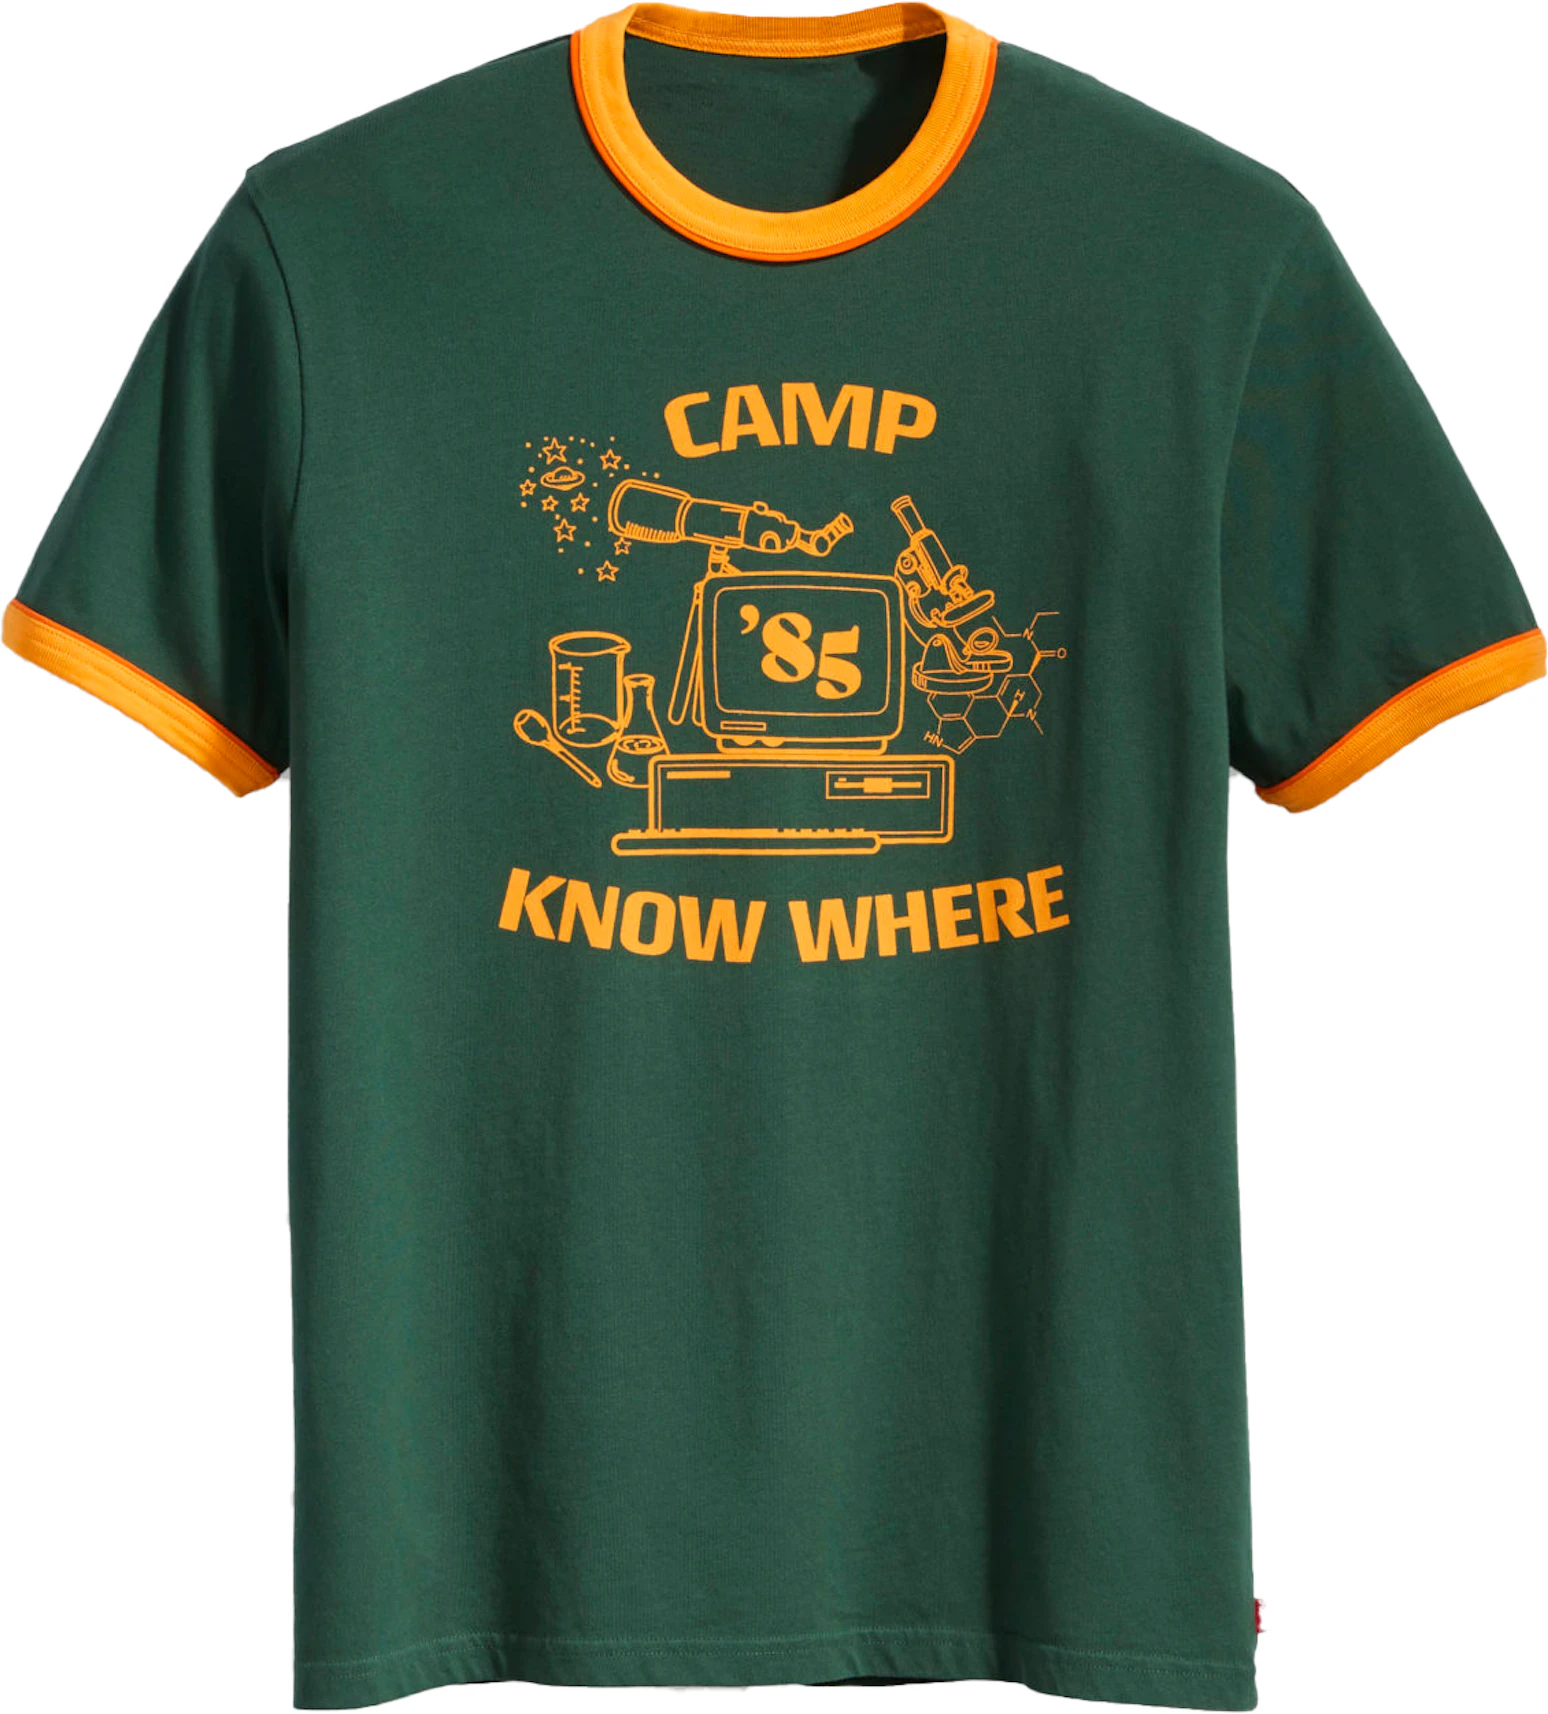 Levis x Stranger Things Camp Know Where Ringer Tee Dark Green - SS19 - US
...
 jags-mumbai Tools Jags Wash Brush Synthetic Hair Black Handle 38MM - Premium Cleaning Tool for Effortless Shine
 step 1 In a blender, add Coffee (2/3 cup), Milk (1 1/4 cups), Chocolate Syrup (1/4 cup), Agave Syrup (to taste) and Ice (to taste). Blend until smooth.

● **Exercise goal**
Please give again the lines above between the line holding "jags-mumbai Tools Jags" and the line holding "step 1 In a", inclusive, exactly as they are and with nothing added.

● **Solution for this problem**
 jags-mumbai Tools Jags Wash Brush Synthetic Hair Black Handle 38MM - Premium Cleaning Tool for Effortless Shine
 step 1 In a blender, add Coffee (2/3 cup), Milk (1 1/4 cups), Chocolate Syrup (1/4 cup), Agave Syrup (to taste) and Ice (to taste). Blend until smooth.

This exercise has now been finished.